State Key Laboratory of Rice Biology, Ministry of Agriculture Key Lab of Molecular Biology of Crop Pathogens and Insects, Zhejiang University, 310058, Hangzhou, China.
Institute of Insect Sciences, Zhejiang University, 310058, Hangzhou, China.
Nat Commun. 2020 Nov 30;11(1):6096. doi: 10.1038/s41467-020-20005-6.

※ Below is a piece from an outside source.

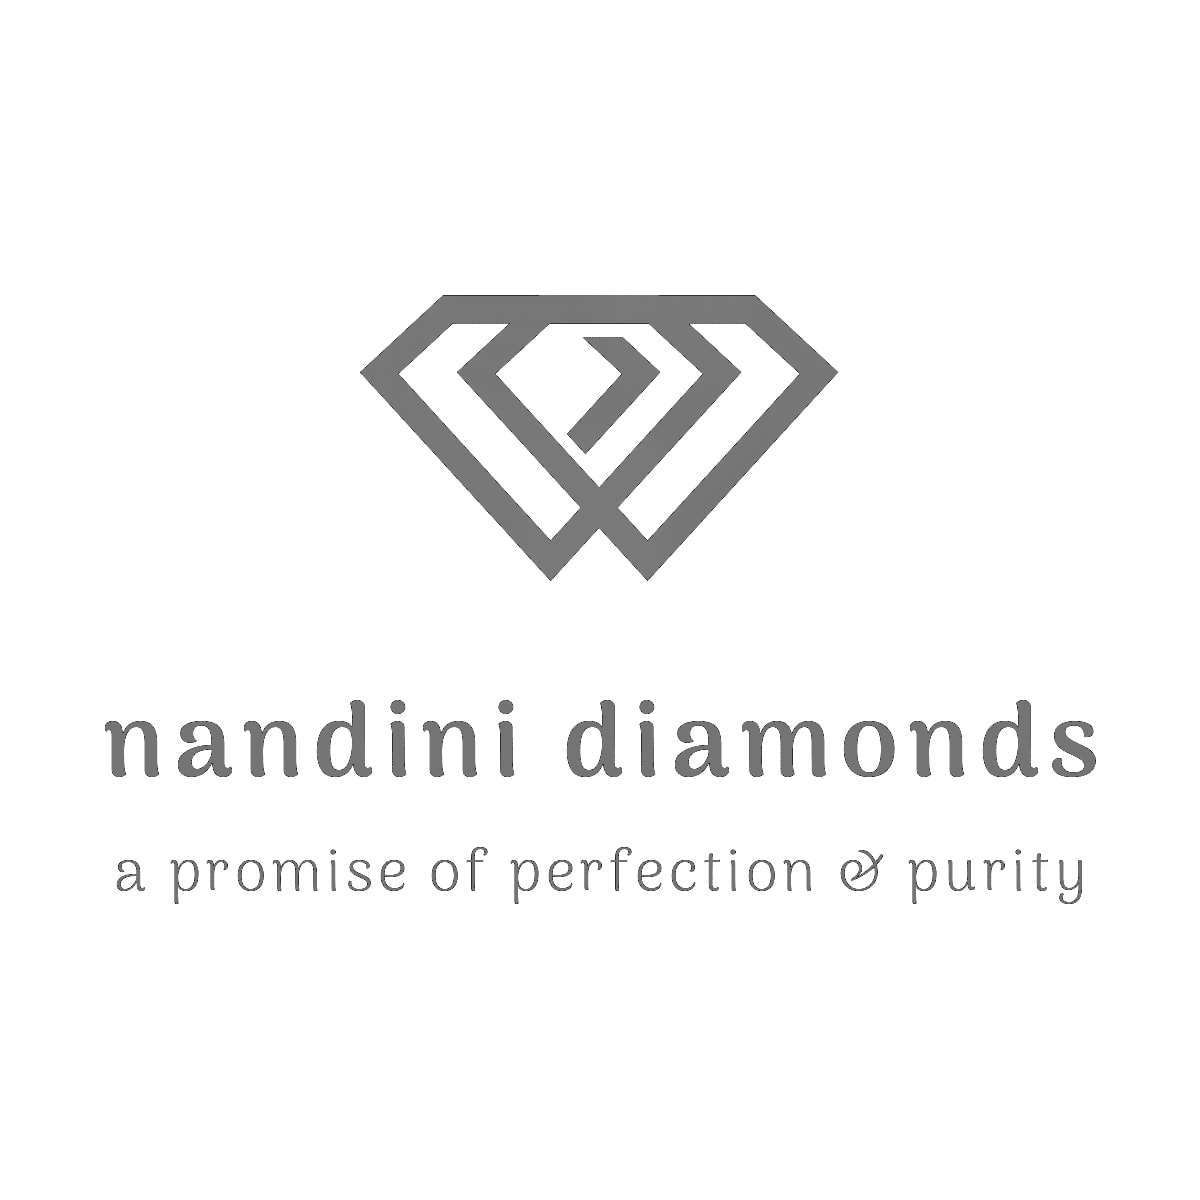 NANDINI DIAMONDS
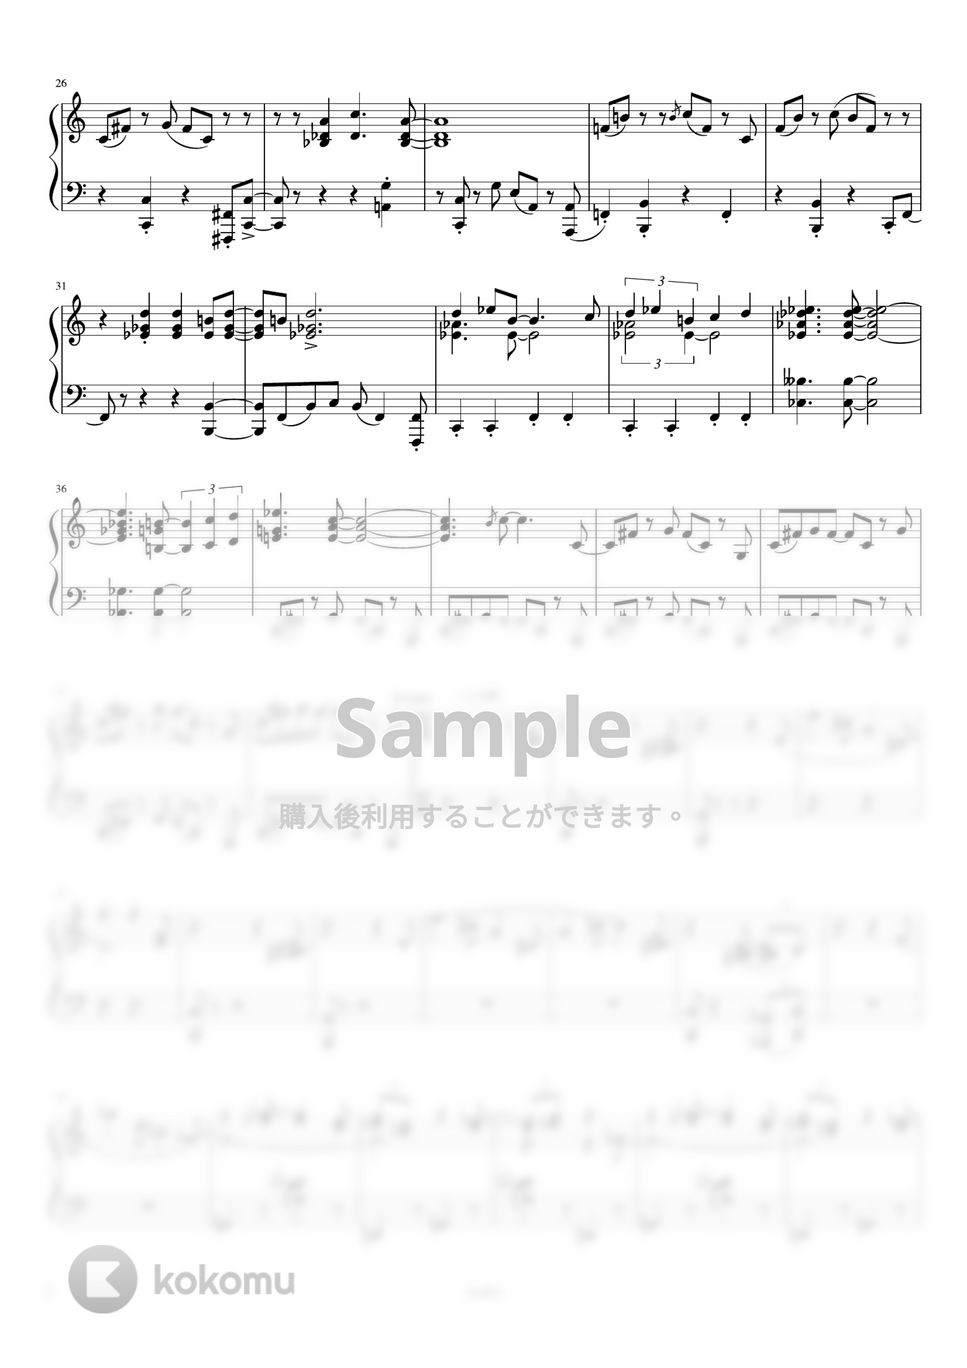 West Side Story - West Side Story Medley (ウエストサイドストーリーピアノ/映画音楽ピアノ) by AsukA818

Phylogenetic trees are essential for studying biology, but their reproducibility under identical parameter settings remains unexplored. Here, we find that 3515 (18.11%) IQ-TREE-inferred and 1813 (9.34%) RAxML-NG-inferred maximum likelihood (ML) gene trees are topologically irreproducible when executing two replicates (Run1 and Run2) for each of 19,414 gene alignments in 15 animal, plant, and fungal phylogenomic datasets. Notably, coalescent-based ASTRAL species phylogenies inferred from Run1 and Run2 sets of individual gene trees are topologically irreproducible for 9/15 phylogenomic datasets, whereas concatenation-based phylogenies inferred twice from the same supermatrix are reproducible. Our simulations further show that irreproducible phylogenies are more likely to be incorrect than reproducible phylogenies. These results suggest that a considerable fraction of single-gene ML trees may be irreproducible. Increasing reproducibility in ML inference will benefit from providing analyses' log files, which contain typically reported parameters (e.g., program, substitution model, number of tree searches) but also typically unreported ones (e.g., random starting seed number, number of threads, processor type).
系统发育树对于生物学研究至关重要,但在相同参数设置下其重现性仍未得到探索。在这里,我们发现,对于 15 个动物、植物和真菌系统发育基因组数据集的 19414 个基因比对,分别对每个比对执行两次重复(Run1 和 Run2),在 IQ-TREE 推断的 3515 个(18.11%)和 RAxML-NG 推断的最大似然(ML)基因树中有 1813 个(9.34%)在拓扑结构上是不可重现的。值得注意的是,从个体基因树的 Run1 和 Run2 集合推断的基于合并的 ASTRAL 种系统发育树对于 9/15 个系统发育基因组数据集在拓扑结构上是不可重现的,而从同一超级矩阵两次推断的串联系统发育树是可重现的。我们的模拟进一步表明,不可重现的系统发育树比可重现的系统发育树更有可能是不正确的。这些结果表明,相当一部分单基因 ML 树可能是不可重现的。通过提供分析日志文件,增加 ML 推断的可重现性将受益,这些日志文件包含通常报告的参数(例如,程序、替代模型、树搜索次数),但也包含通常未报告的参数(例如,随机起始种子数、线程数、处理器类型)。